"My advice to Usain would've been to retire earlier," four time Olympic champion sprinter Michael Johnson told NDTV. "He should have retired perhaps after his three golds at the Rio Olympics last year. The thing is, Usain had been speaking about retirement for sometime, which means it was on his mind. If it's on your mind means you've lost your motivation to compete, and you're also susceptible to injuries because you've lost your focus," added Johnson.

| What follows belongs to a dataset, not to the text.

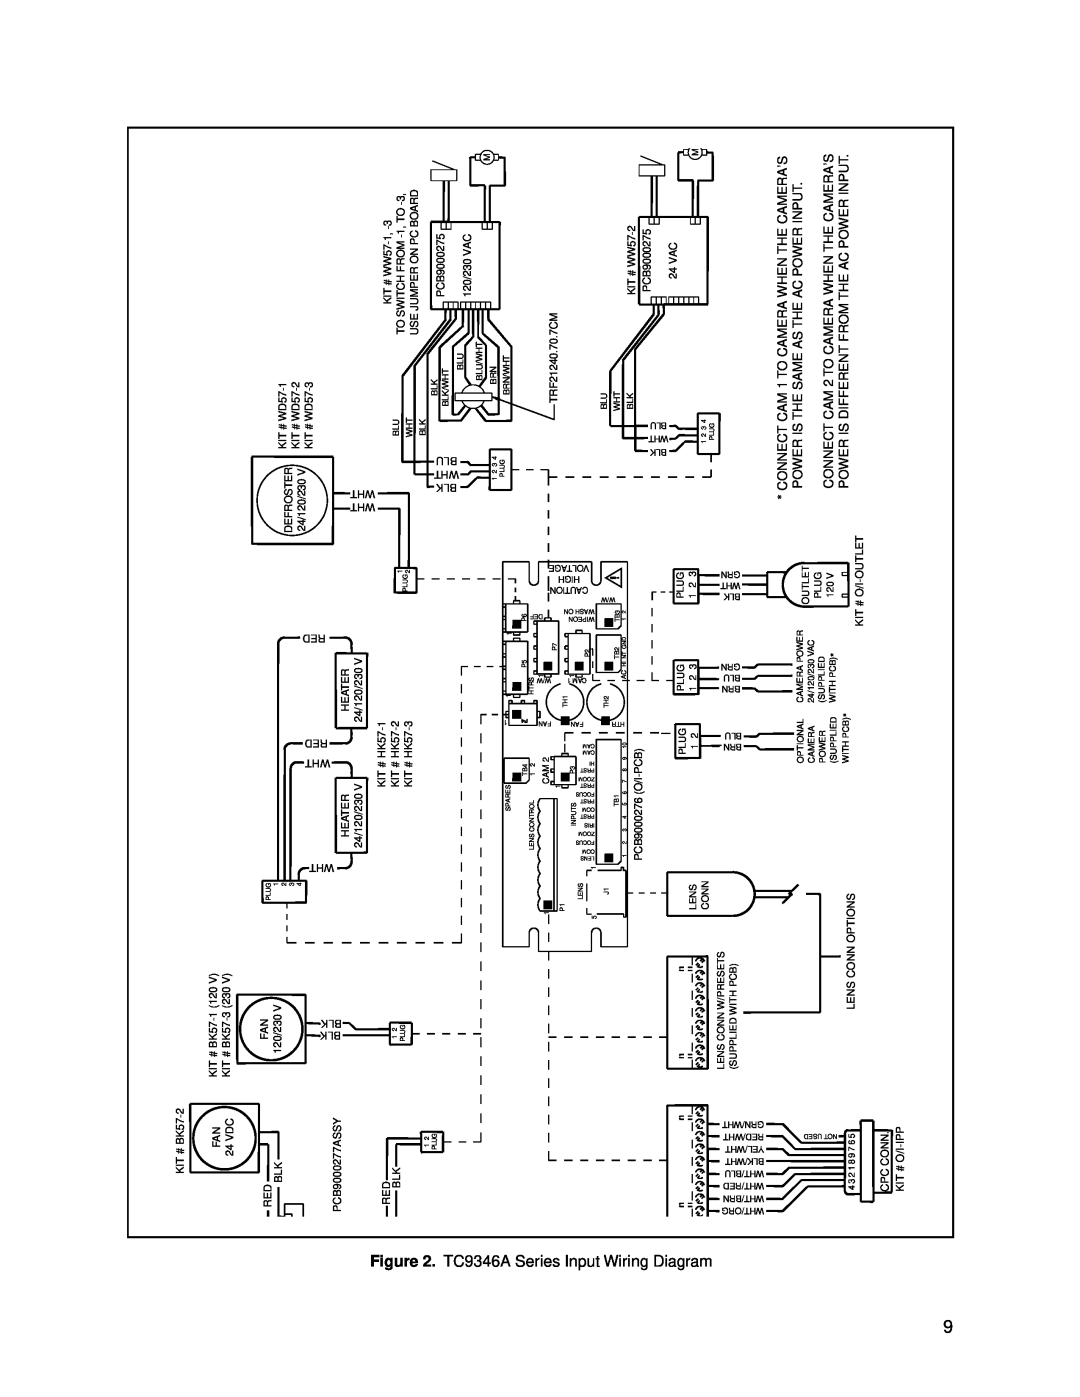 Bosch Appliances tc9346a instruction manual TC9346A Series Input Wiring, Blu/Wht

Bolt, the world's fastest man, retired after this year's World Championships in London, where he won only one medal - a bronze in the 100m. The Jamaican had chosen not to run the 200m, and hobbled his way through the last race of his career, the 4x100m relay, which he was unable to complete. "But that doesn't take anything away from Usain's career," Johnson said. "People ask me, who is the next Bolt, and I tell them, nobody. There cannot be another Bolt. There was none like him before him, and there will none like him now. Of course there will be someone who dominates the 100m, and 200m, but will that person be like Bolt? No."
Johnson also spoke about the crisis that track and field currently sees itself in, and that's way deeper than dealing with Bolt's absence from the sport. "I think we have lost out on a lot of fans and credibility in the sport," the former 200m and 400m world record holder told NDTV. "There are multiple issues, but these are three crisis areas in my opinion. One, because of the increasing number of doping offences, we have lost huge credibility, and fans have lost their faith. Second, the sport has done zero marketing to update and revamp itself for younger audiences, and hence encourage the youth to take up the sport. And third, how the former President (Lamine Diack) had to leave because of multiple corruption cases. So athletics sees itself in a lot of trouble for sure. But is it the end of the road? I don't think so."
Johnson also spoke about the #takeaknee protests gathering in the US, with athletes protesting against police crimes and racism in the country. "What we forget is that athletes are also humans, and they're entitled to opinions and free speech like everyone else, at least in America. We somehow tend to think that athletes are just around to play a sport and entertain us. If they're entitled to free speech, they must use it, and use it in any way they like," he said.